Vanguard noted in the announcement Ramji, as head of iShares & Index Investing, was responsible for managing “a majority of the firm’s client assets and evolving the iShares platform to provide an even broader set of innovative low-cost products for investors globally. His contributions led to expanded investment access for tens of millions of investors, a more central role for ETFs in retirement and wealth portfolios and a more efficient bond market with ETFs as an enabling technology.”

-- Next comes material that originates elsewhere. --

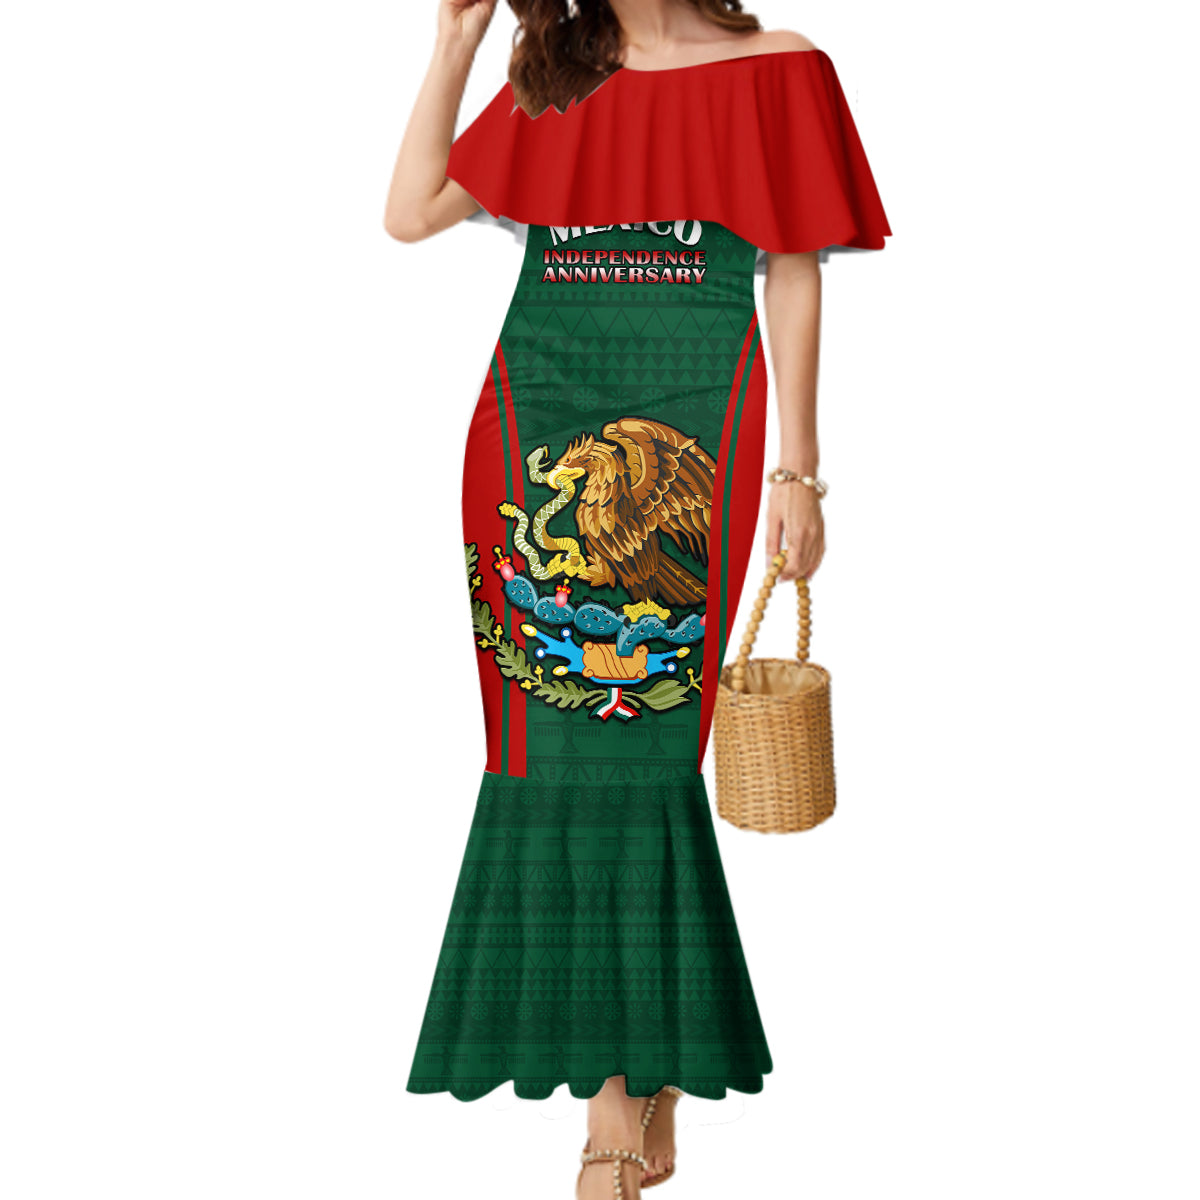 custom-mexico-independence-day-mermaid-dress-happy-213th-anniversary-mexican-proud

“Vanguard has invested heavily in its advice business and ETF lineup over the past several years,” Daniel Sotiroff, a senior manager research analyst for Morningstar Inc., wrote in a post about the hire. “Ramji accumulated a lot of experience in both areas at BlackRock, but it remains to be seen what his appointment means for Vanguard’s culture and direction.”

In April, BlackRock announced that its guaranteed income product LifePath Paycheck, which can be used as a qualified investment default alternative in defined contribution plans, is now available.

The asset manager is the leading provider of ETFs in the country, with Vanguard in second, according to Simfund.

BlackRock has been focusing of late on the workplace retirement plan space, with CEO Larry Fink focusing on expanding retirement savings access and bolstering retirement income offerings—including BlackRock’s new in-plan annuity LifePath Paycheck—in his annual letter released in March.

Vanguard’s move to hire Ramji breaks the tradition for Vanguard of hiring CEOs internally throughout its history. Under Buckley, the firm also made a rare move to acquire another firm, bringing on Just Invest in 2021, a direct index investing platform for financial advisers, PLANADVISER reported.